Примерно в это же время был вечер маминой фабрики. Он проходил в клубе имени Кухмистерова на улице Казакова. Теперь там Театр имени Гоголя. В большом красивом зрительном зале все было очень торжественно. Мама взволнованная, нарядная. На мне черное бархатное платьице, сшитое из тетиной юбки, с большим белым воротником. Я чувствую себя нарядной и счастливой. Жду чего-то необычайного. Восторг от музыки — играет духовой оркестр.

Я в упоении, без всякого стеснения бегу по проходу, вбегаю на авансцену и без тени смущения танцую под музыку. В зале собирается публика, люди смеются, хлопают мне, а я танцую и танцую, серьезно и самозабвенно. Мама забирает меня со сцены. Все говорят: твоя дочка будет балериной, надо отдать ее в балетную школу. «Моя дочка будет хорошей портнихой», — говорит мама.

Мама шила, но не смогла одолеть премудростей кроя по чертежам, поэтому у нее то получалось хорошо, то почему-то не ладилось. Она не была уверена в результате. Особенно робела, если материя была новая. Когда Зине надо было сшить себе выходное платье, она отдала его в ателье. Если мама перешивала или материала было в обрез, она иногда шила очень удачно. Тогда она не боялась ошибиться, а если она, опасаясь, припускала пару сантиметров на швы, то получалось длинно и мешковато. Помню один мамин туалет, который ей очень шел. Это был сарафан из холста, сшитый по маминой фигуре, а сверху маленькая кофточка фигаро. Я никогда не ощущала маму молодой, но как-то раз, когда мы вместе гуляли в саду Баумана, я вдруг заметила, что на нее смотрят мужчины и что она привлекательна. Может быть, тогда я уже была постарше.

Семейная сага. Конец XIX века. Кишинев

С самого начала, решив написать о моем детстве, я понимала, что необходимо описать историю нашей семьи, по крайней мере то, что сохранила моя память из рассказов мамы, сестры и тети. О семье отца я знаю очень мало, однако их рассказы глубоко запечатлелись в моей памяти, и я решила описать, хотя эти истории прервут ход моих воспоминаний. Без них, я думаю, будет трудней понять нашу семью, и вероятно, и мою жизнь.

Семья моей мамы была бедной и многодетной. Подлинной главой семьи была мать отца — моя прабабка Эстер. Все держалось на ней. Была она до глубокой старости крепкой, решительной, самостоятельной женщиной. Она была знаменитой повивальной бабкой. Без нее не появлялся на свет ни один еврейский младенец в Кишиневе и окрестностях.

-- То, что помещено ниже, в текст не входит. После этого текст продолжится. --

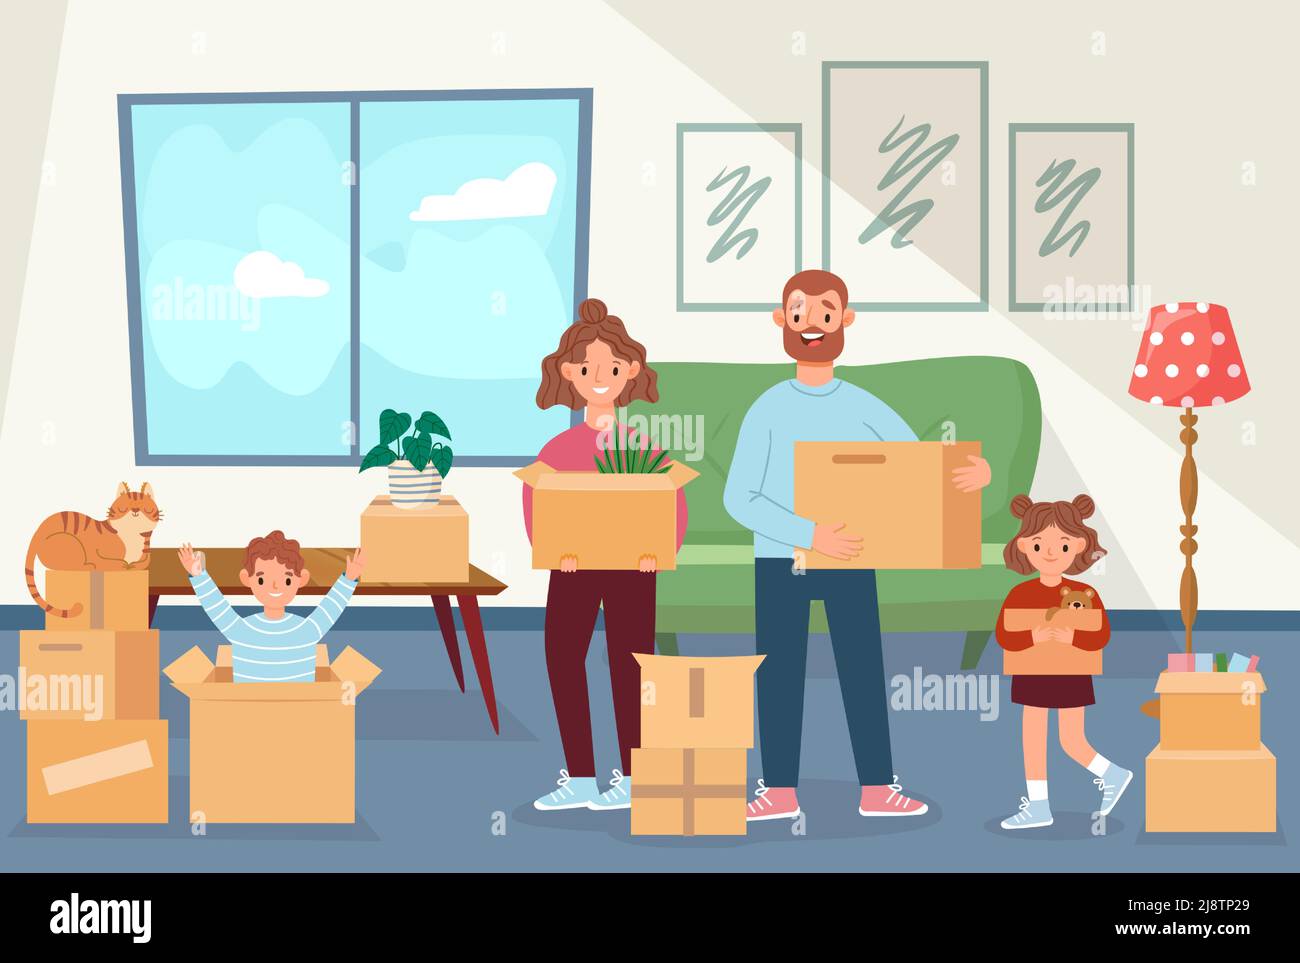 La famille se déplace vers une nouvelle maison. Parents et enfants heureux tenant des boîtes avec des articles ménagers. La mère, le père, les enfants et le chat déménagent Illustration de Vecteur

Молдаванки и русские женщины тоже ее приглашали на роды. Моя мама Полина рассказывала легендарную историю о том, как известный кишиневский богач, владелец нефтяных вышек в Бесарабии, ждал с величайшим волнением внука, будущего наследника его богатств. Всемогущий Яхве не дал ему сына, несмотря на то, что он построил знаменитую кишиневскую синагогу. Теперь он ждал внука. Дочь была молода, но у нее оказалось неправильное прилежание плода. Существовала угроза гибели ребенка, а может и матери. Эстер смело, своей маленькой, но крепкой ручкой, вошла в матку и извлекла мальчика. И счастливый дед дал Эстер золотой червонец, а дочери подарил бриллиантовое кольцо.